The trial was conducted in Lithuania. The cohort was ethnically homogeneous and this was not reported as a variable. This is a genuine limitation with downstream consequences. DIO2 polymorphism frequencies vary by ancestry, meaning that a finding in a Lithuanian cohort may not generalize uniformly to more genetically diverse populations. The Nygaard et al. 2009 DIO2 pharmacogenomics paper specifically called out this population-stratification concern when attempting to use the Bunevicius results to guide genotype-directed prescribing. Clinicians working with ethnically diverse patients should treat the Bunevicius subgroup data with additional caution for this reason.

What Larger Trials Found When They Tried to Replicate

The Saravanan 2005 RCT (N=697), the Nygaard 2009 Norwegian RCT (N=450), and several smaller trials failed to replicate the headline Bunevicius result.
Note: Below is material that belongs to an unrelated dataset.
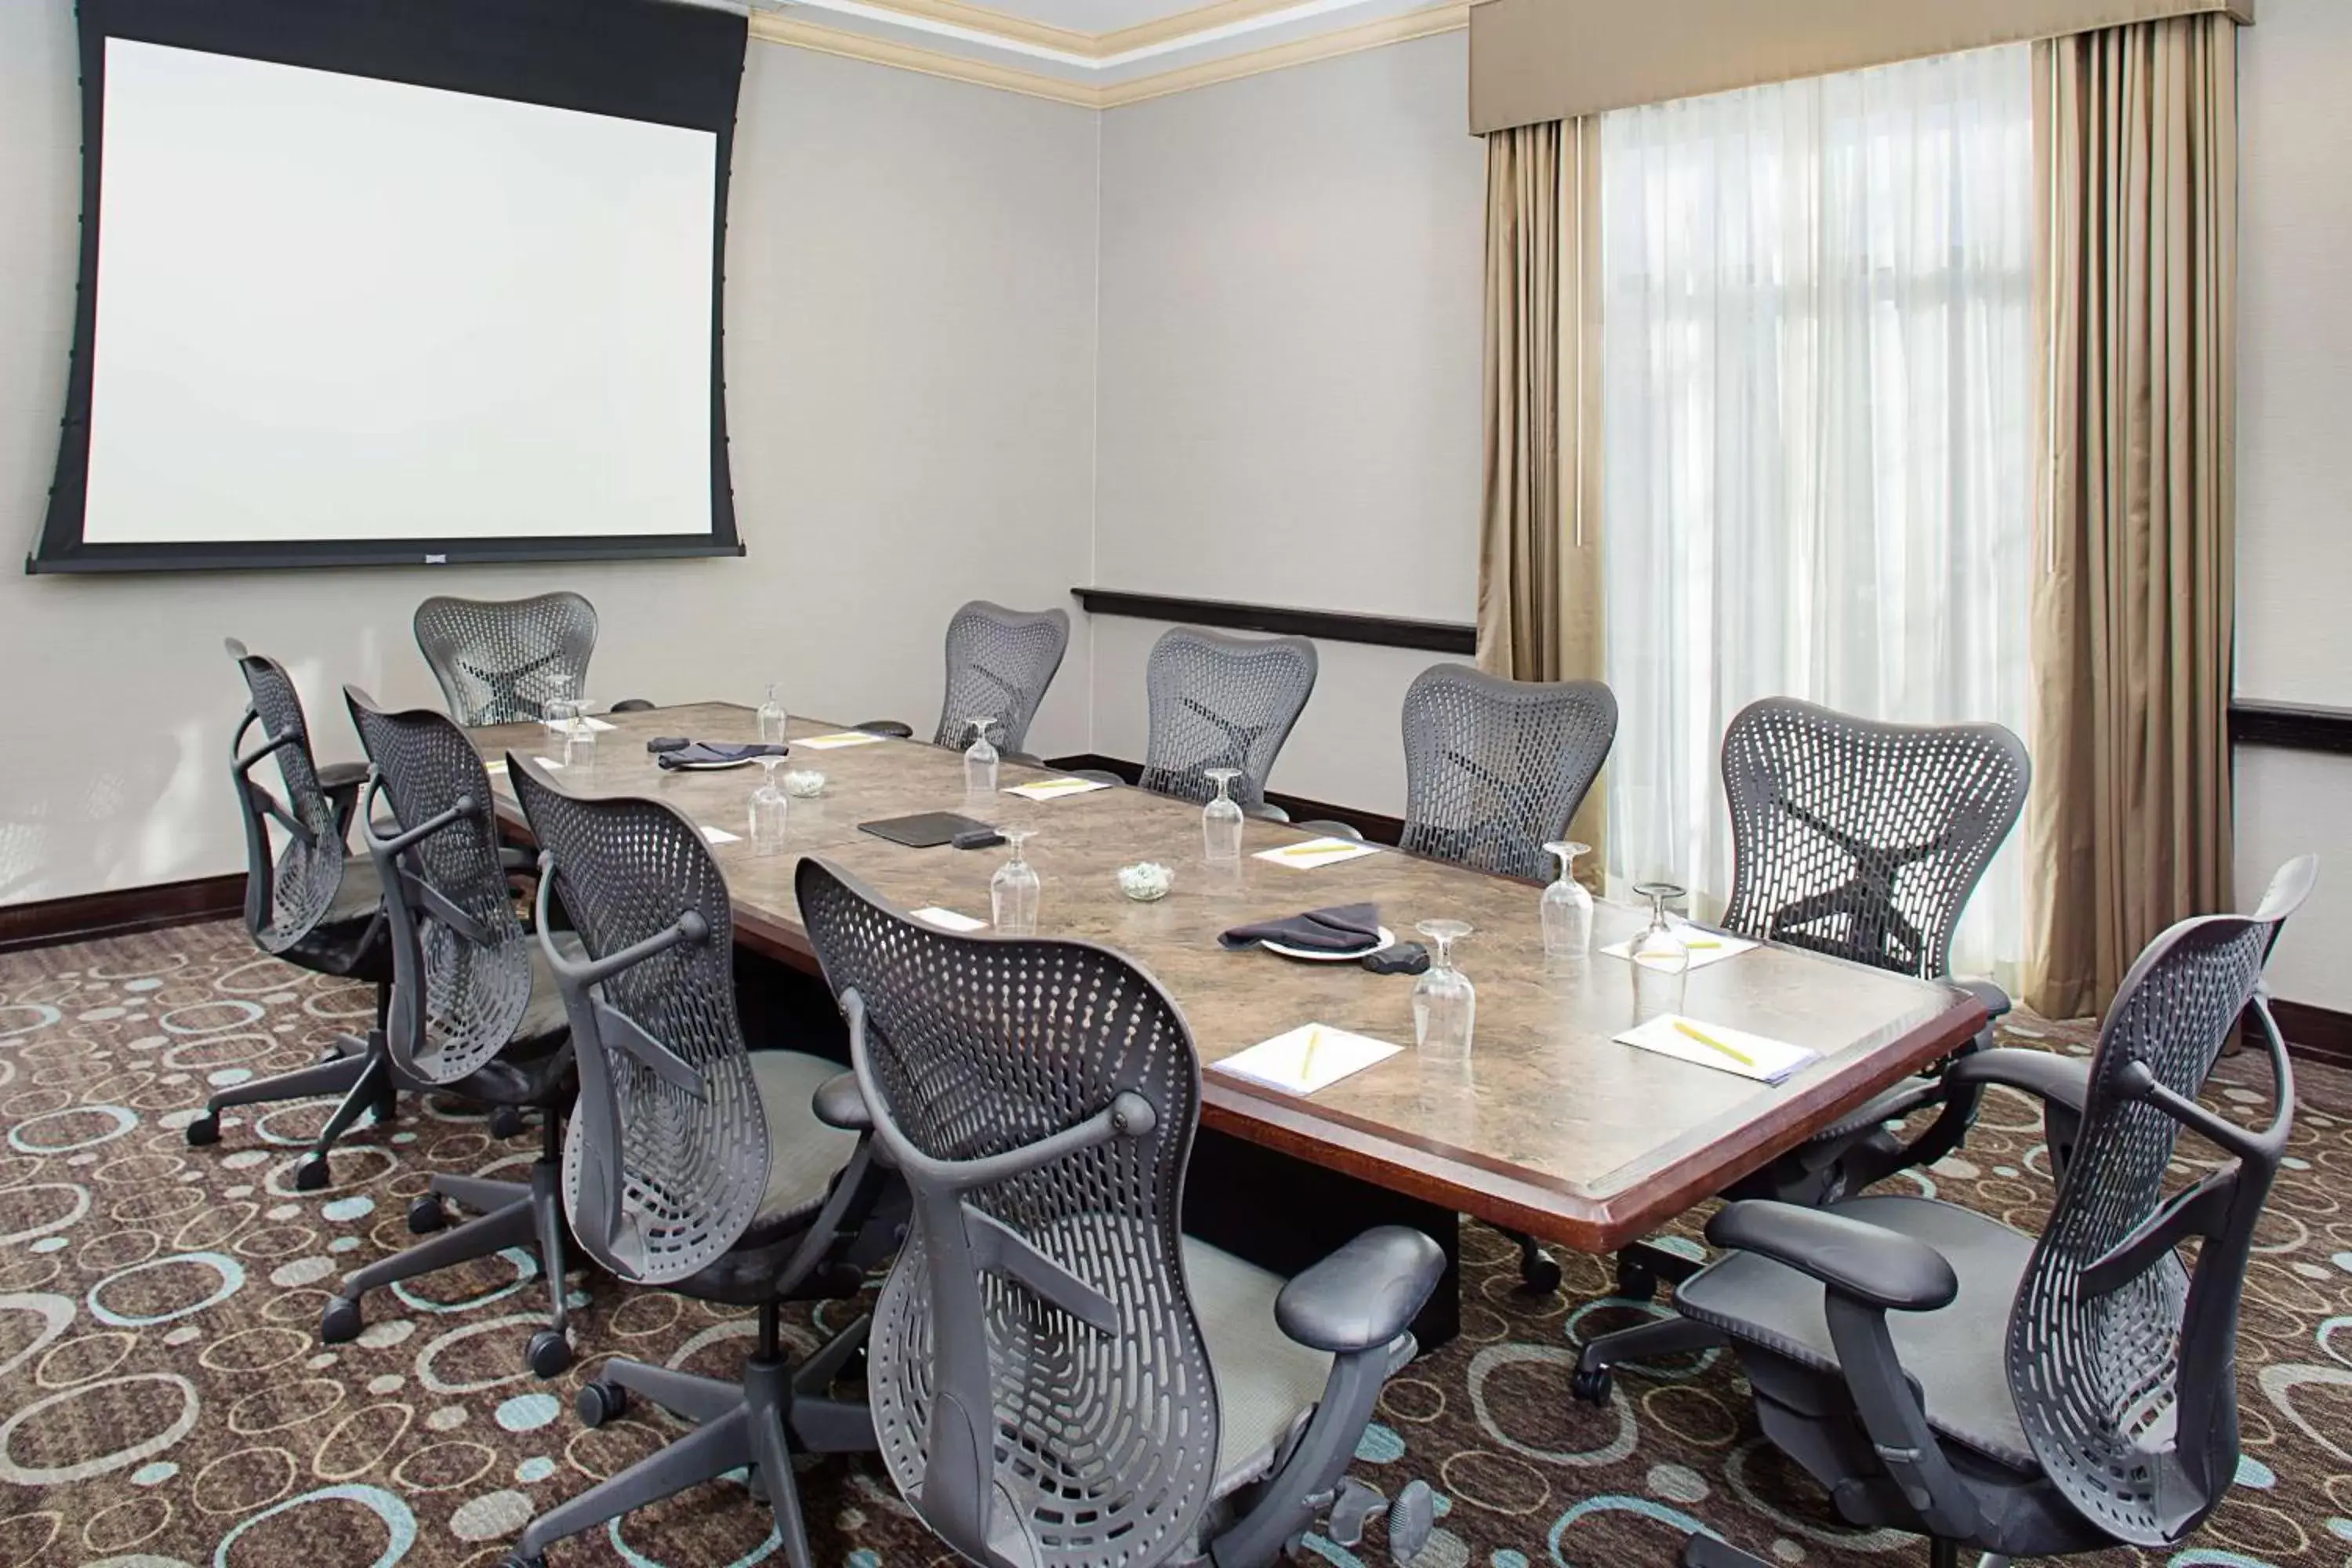 Meeting/conference room, Business Area/Conference Room in Hilton Garden Inn Denver Tech Center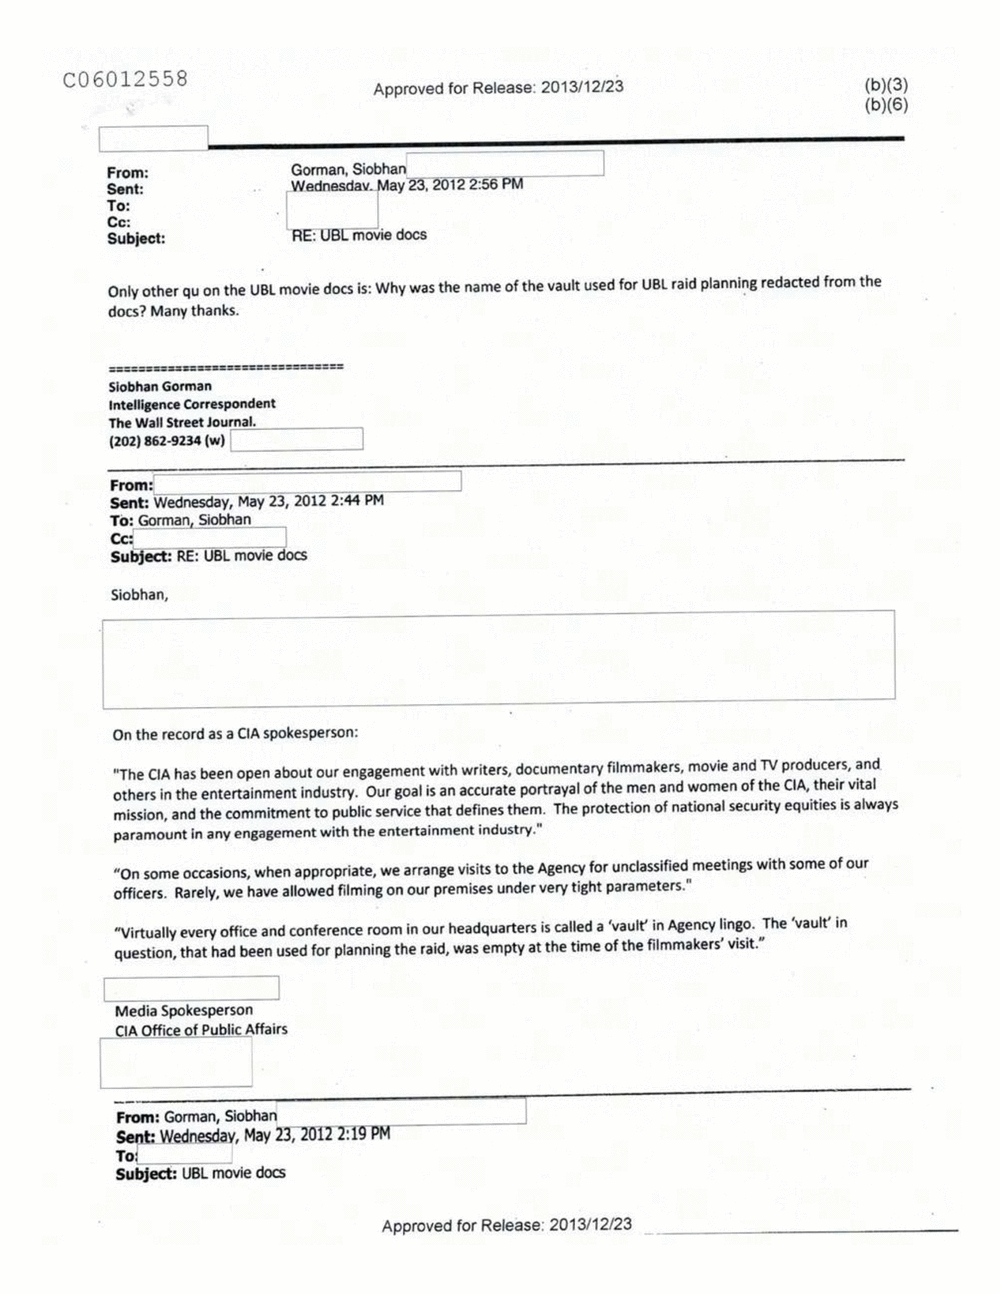 Page 160 from Email Correspondence Between Reporters and CIA Flacks

But none of them specifically enriched for the phenotype the Bunevicius subgroup data suggested: post-thyroidectomy patients with low-normal free T3 on stable LT4. This is the central interpretive problem that has followed the T4 vs T4+T3 debate for two decades. The negative replication trials enrolled unselected hypothyroid patients. If the true responder phenotype constitutes 20 to 30% of hypothyroid patients, a negative result in an unselected cohort is entirely compatible with a real effect in that subgroup.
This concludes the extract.